■ **INSTRUCTIONS TO FOLLOW**: When you copy the material below, keep every line exact and leave each picture out.

■ **SUPPLIED MATERIAL**:

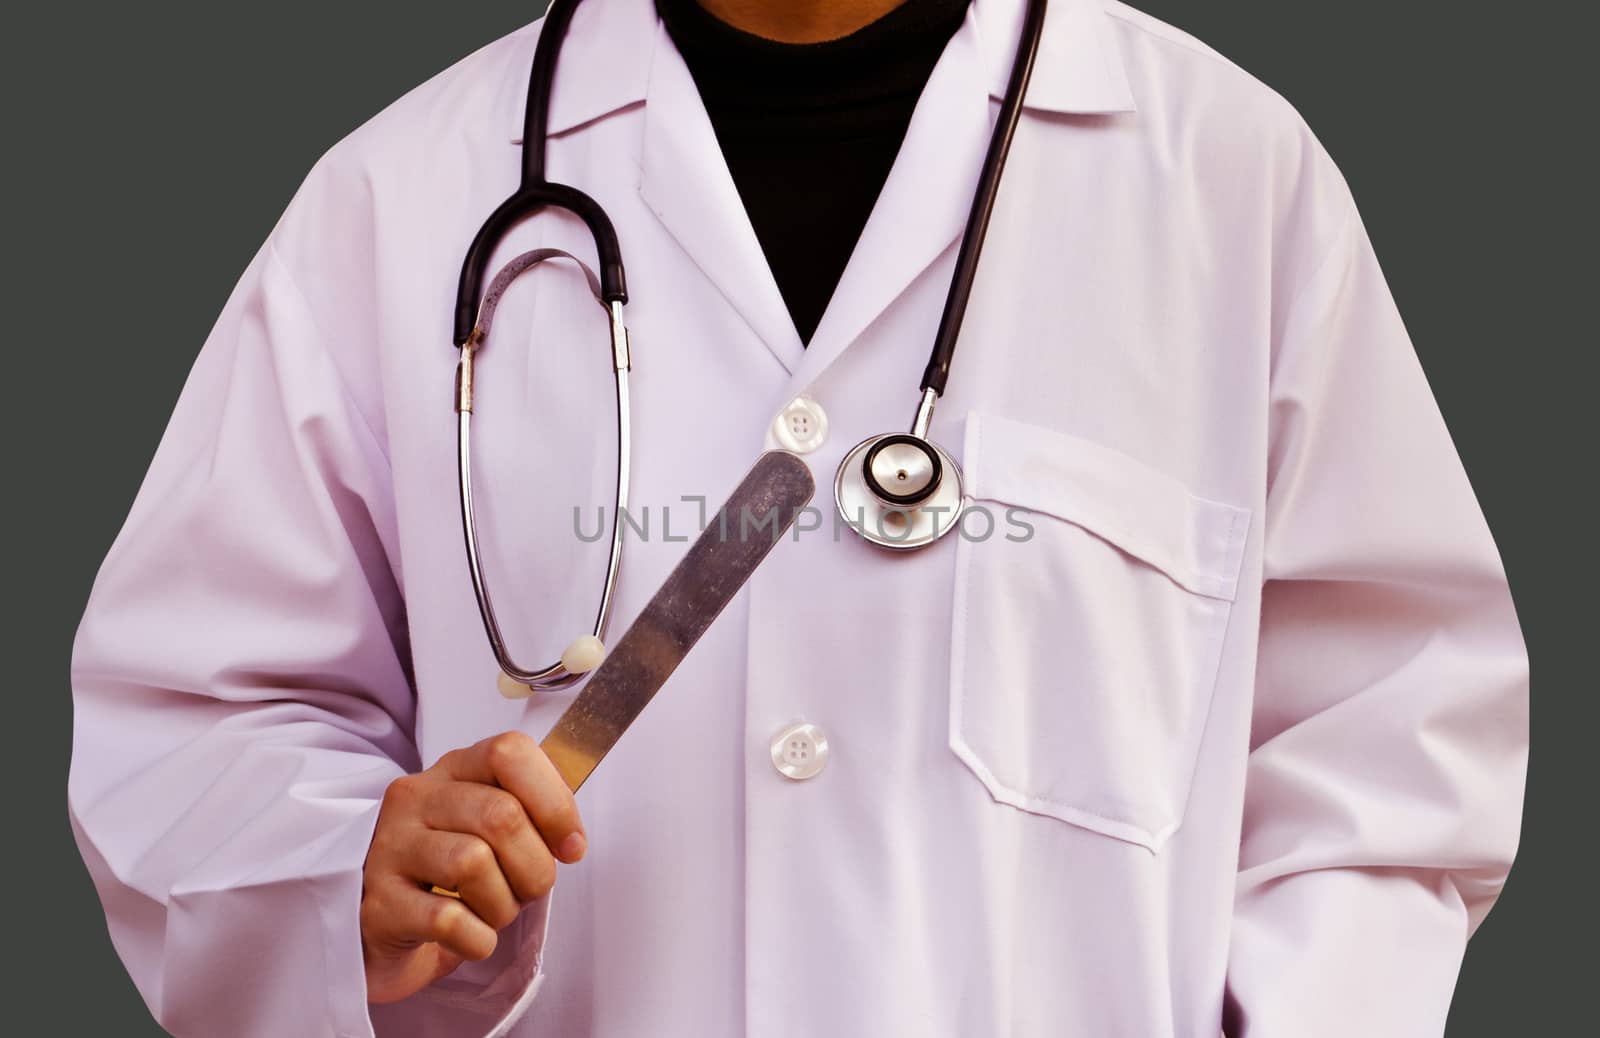 Medical Doctor with stethoscope by jengit
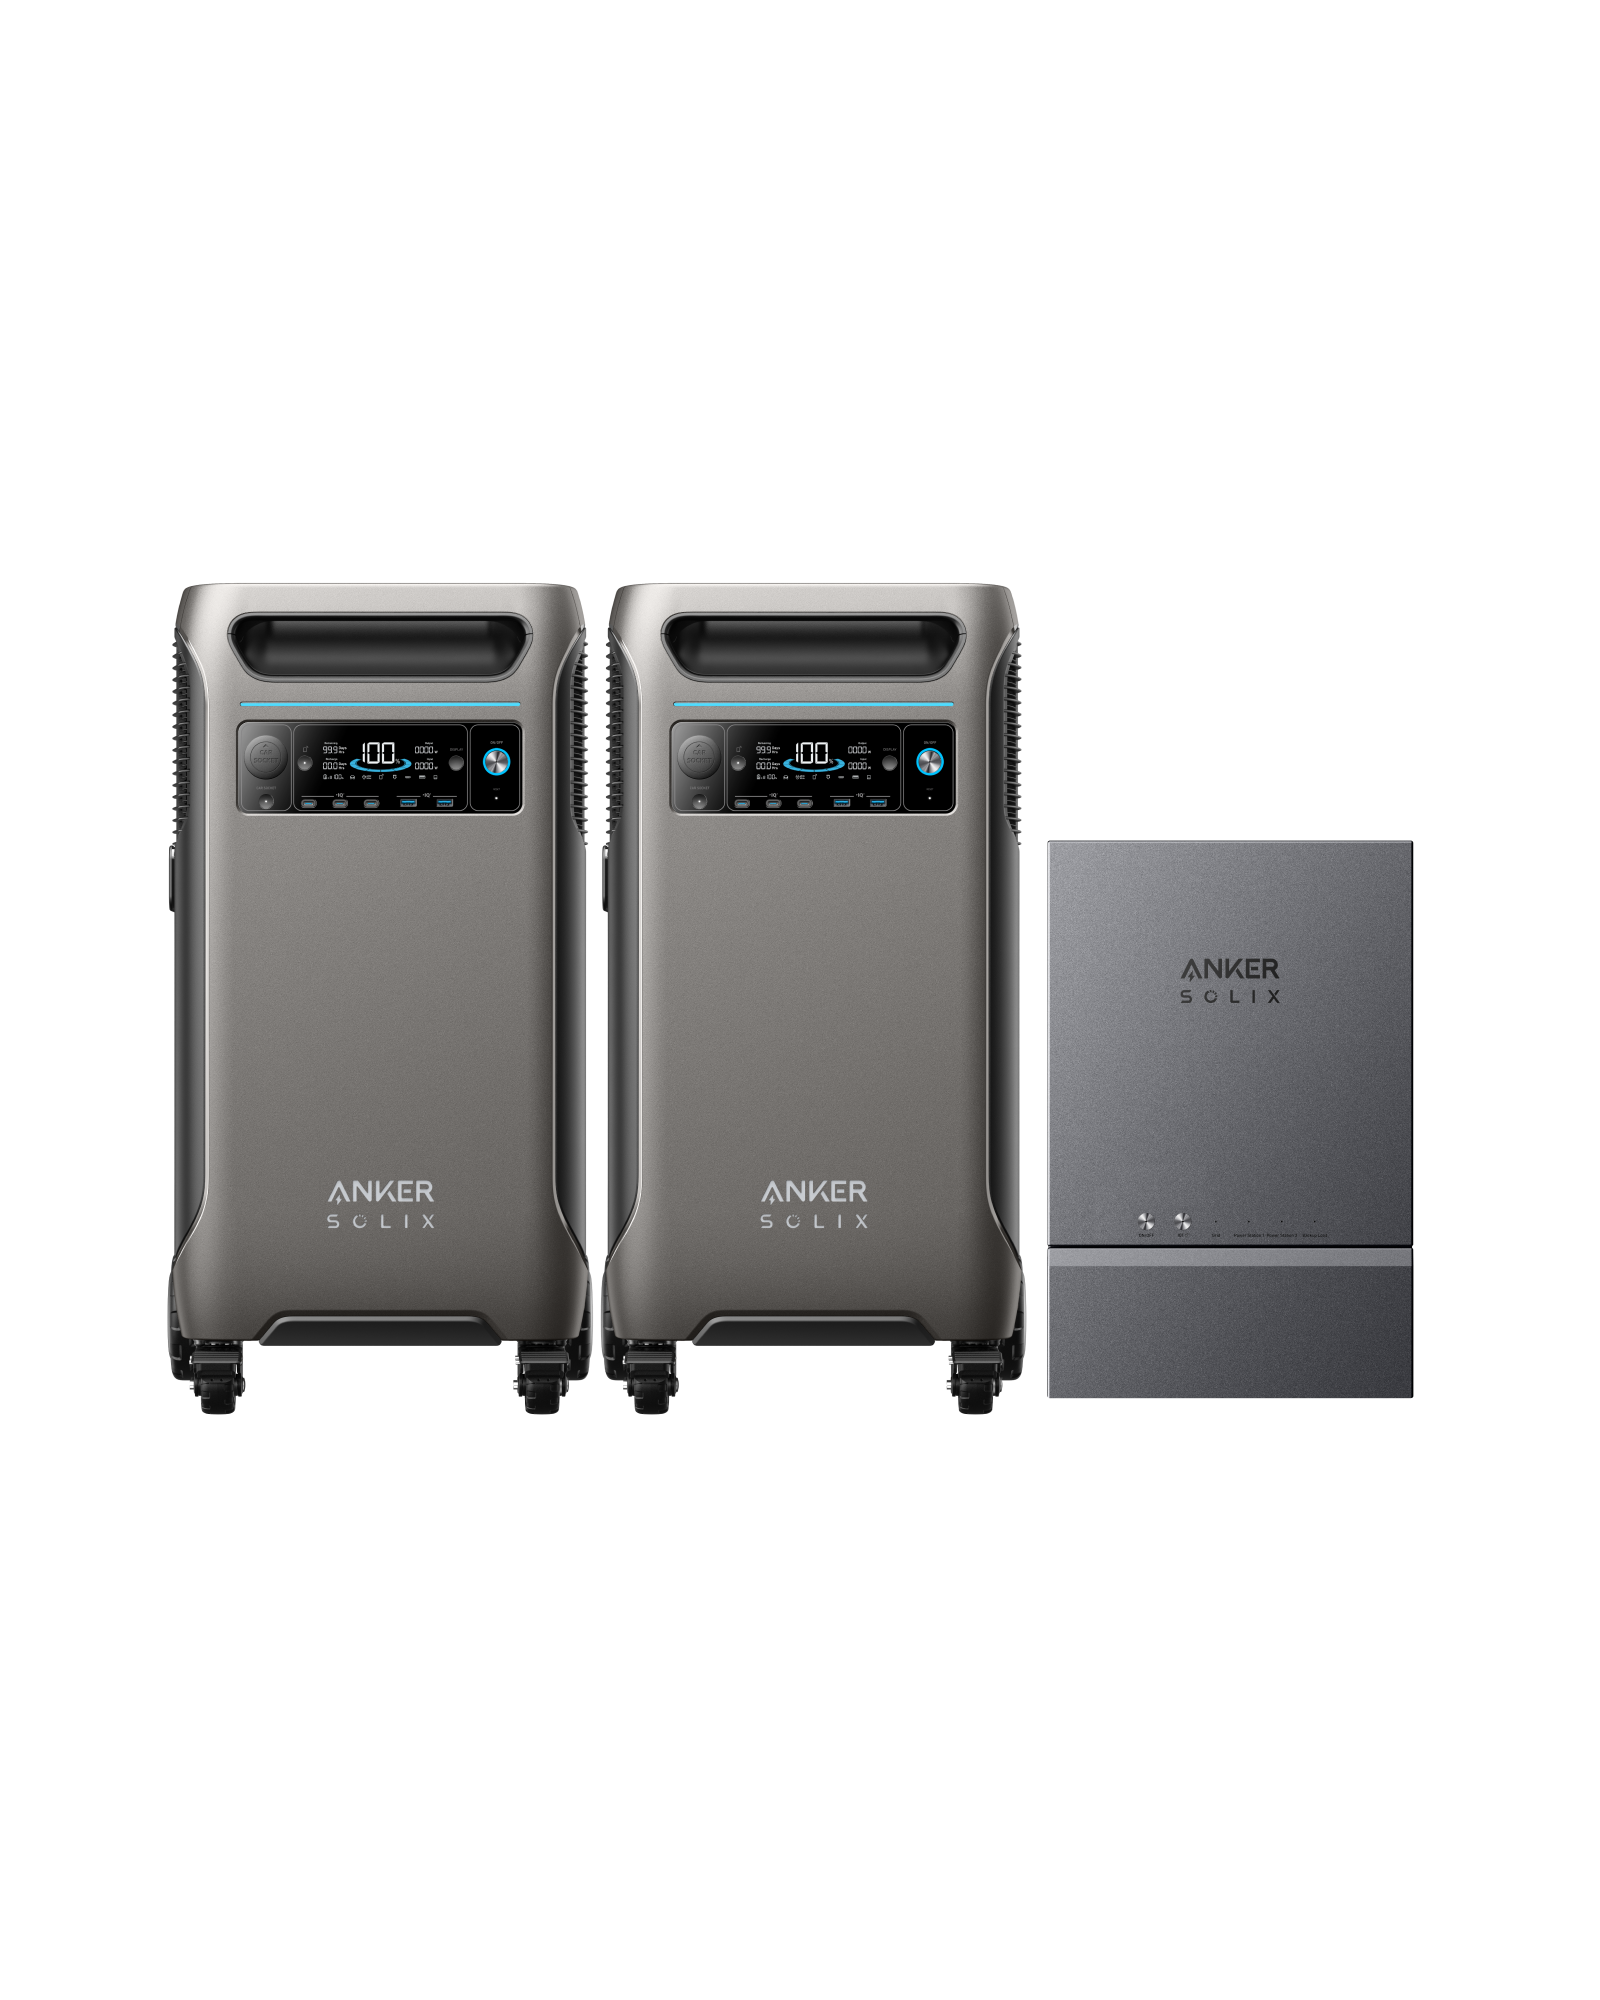 2× Anker SOLIX F3800 (12kW | 7.68kWh) + Smart Home Power Kit $6499
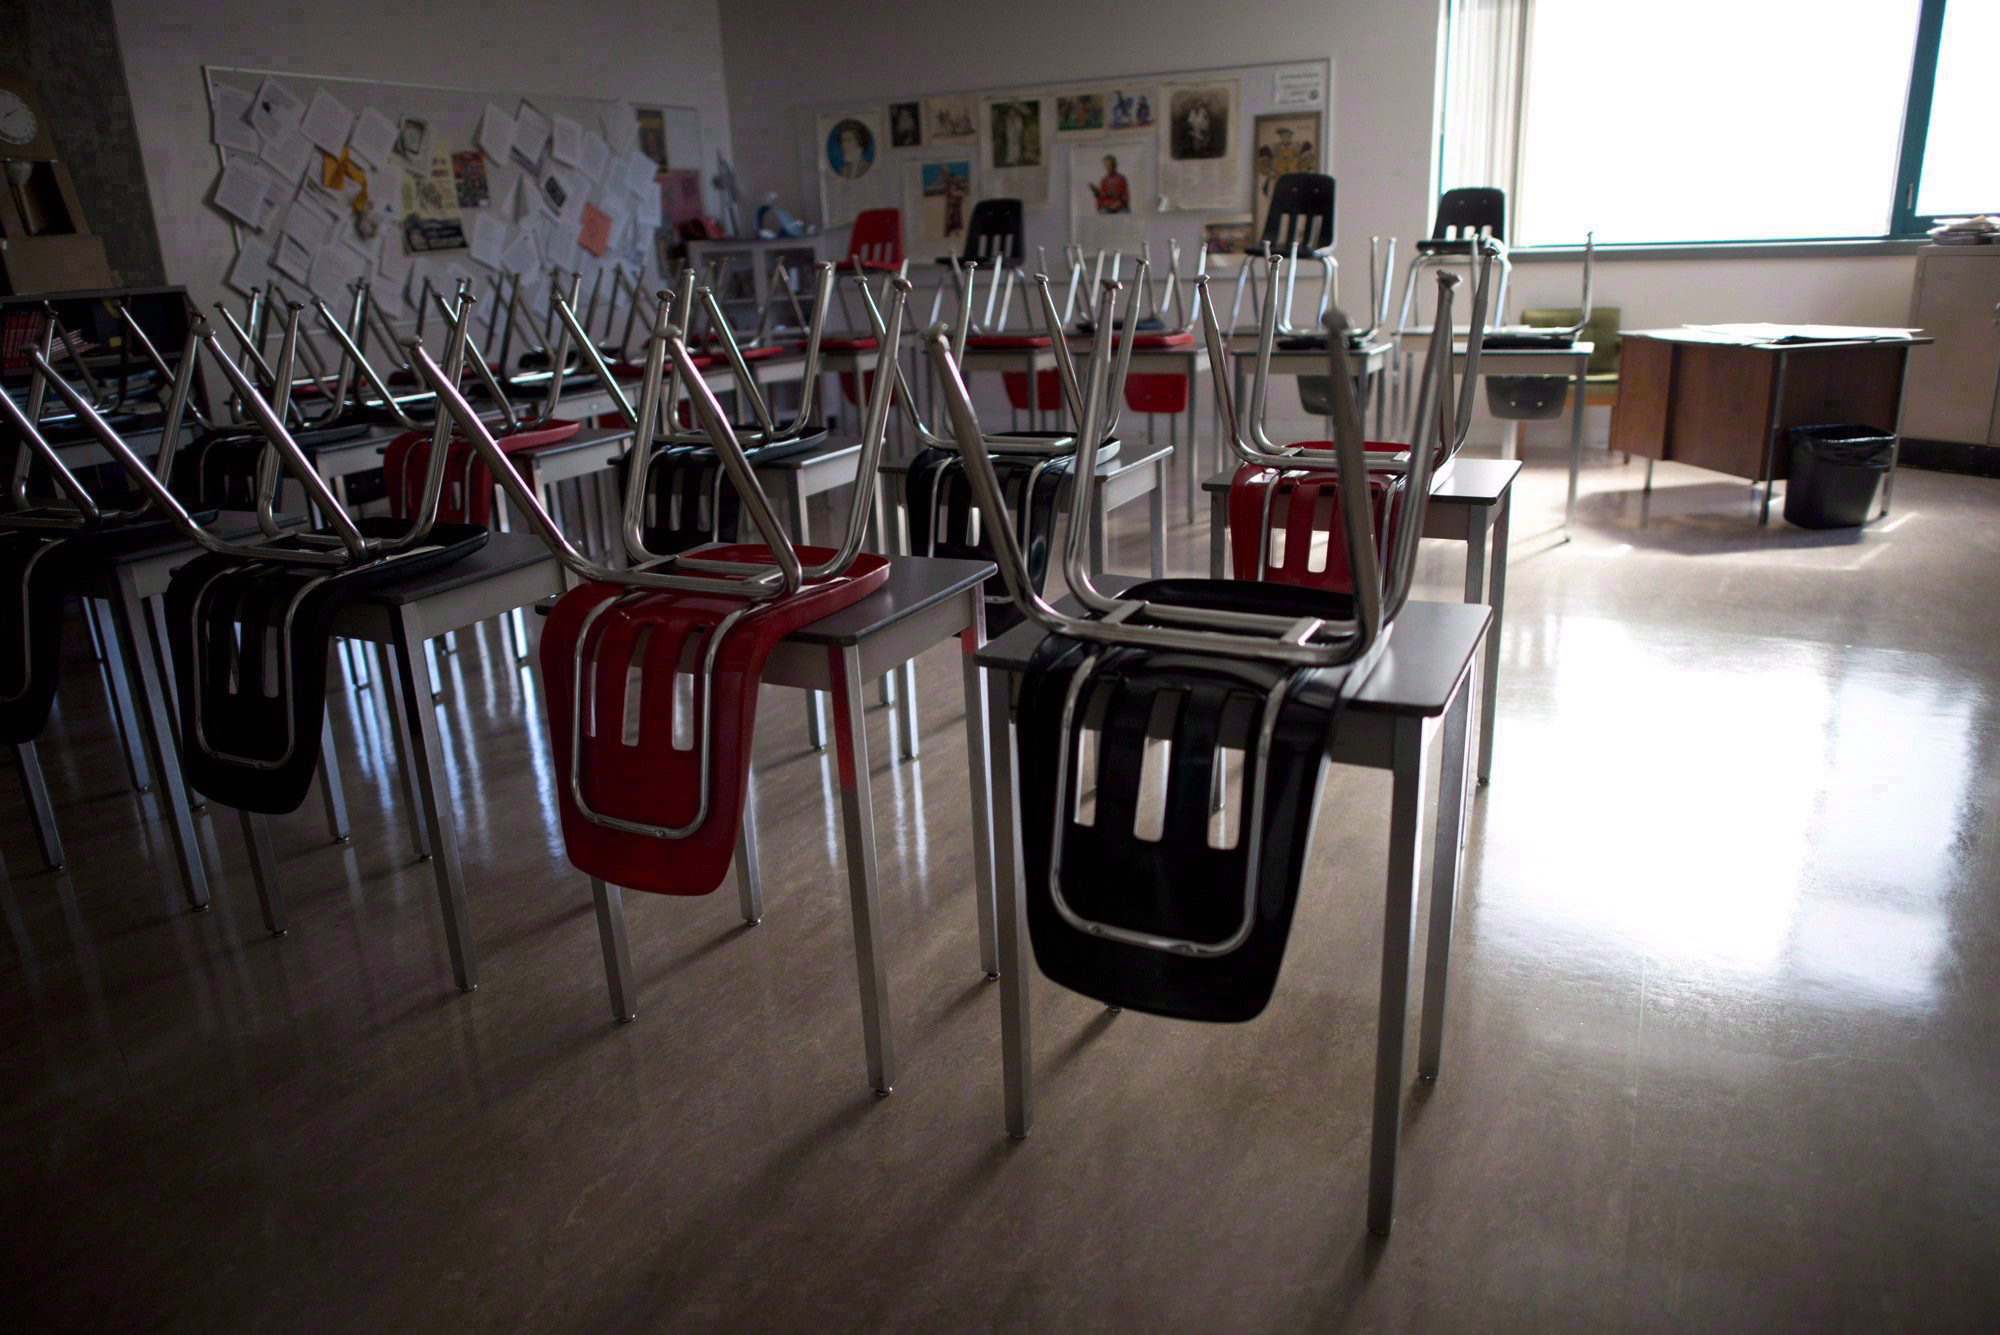 Does class size matter? Educators have their say on a new study’s findings
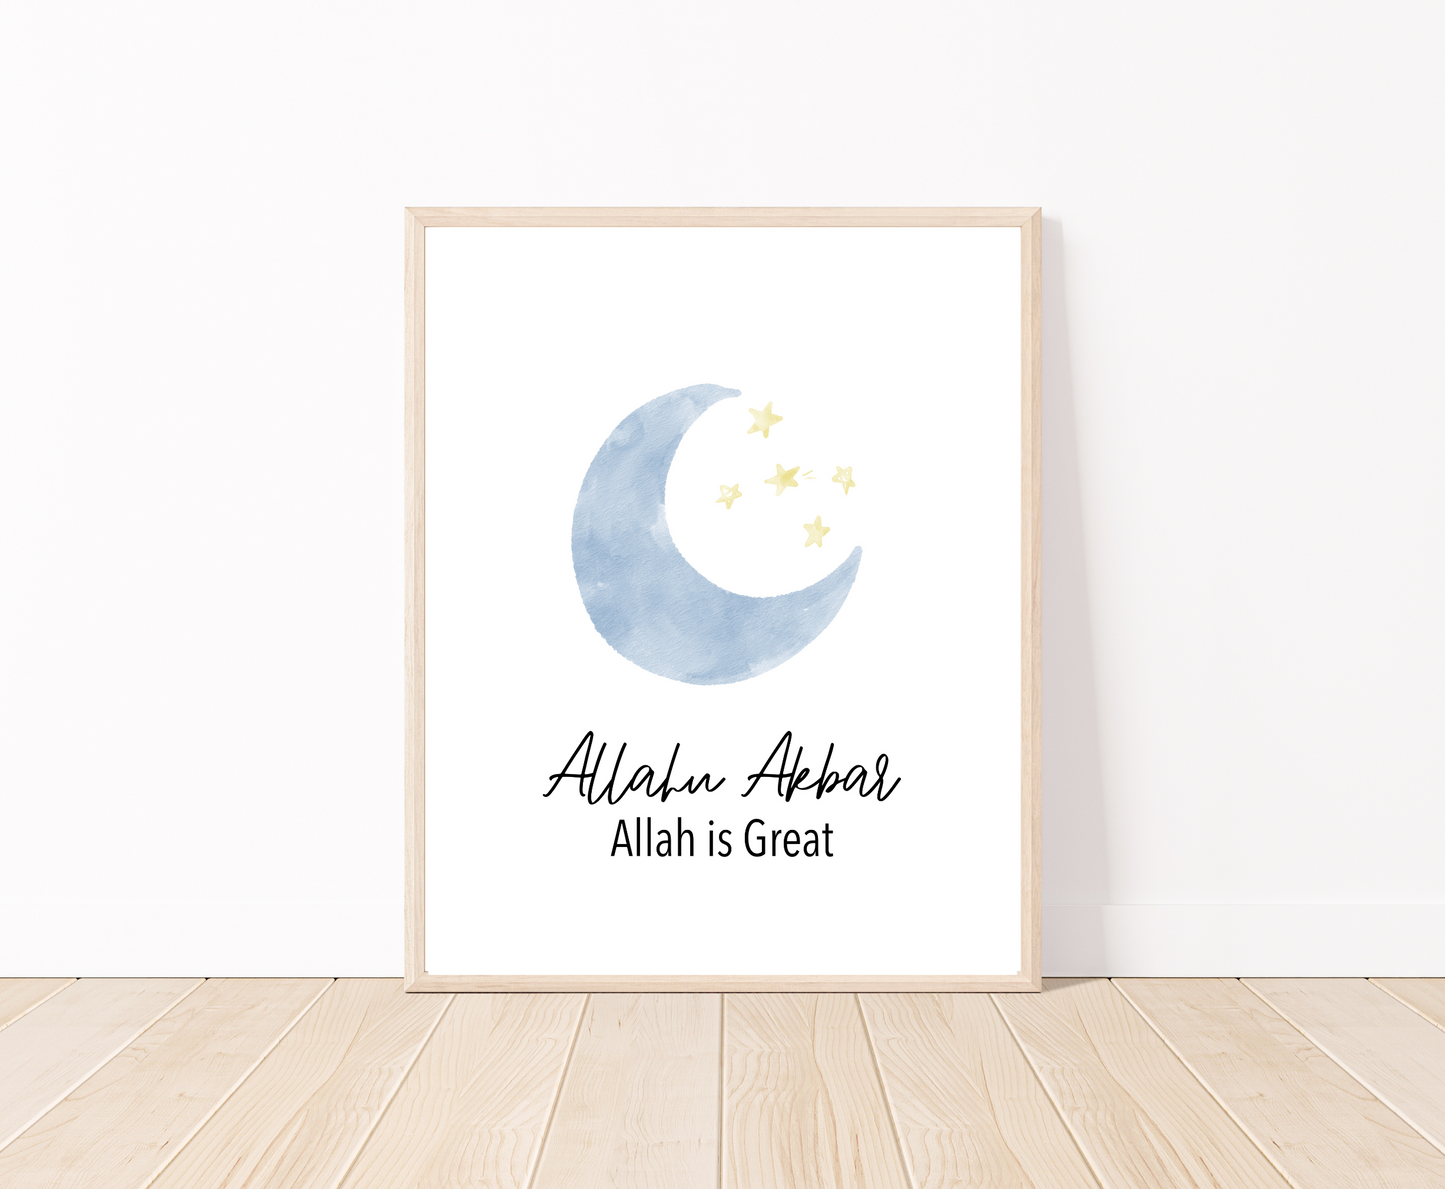 A little boy’s room digital poster that is placed on a white wall and parquet flooring shows a baby blue crescent and tiny yellow stars with the word “Allahu Akbar”, Allah is great, written below.

■ **ANSWER TO THIS EXERCISE**:
 Medical Doctor with stethoscope by jengit
 2× Anker SOLIX F3800 (12kW | 7.68kWh) + Smart Home Power Kit $6499
 Does class size matter? Educators have their say on a new study’s findings
 A little boy’s room digital poster that is placed on a white wall and parquet flooring shows a baby blue crescent and tiny yellow stars with the word “Allahu Akbar”, Allah is great, written below.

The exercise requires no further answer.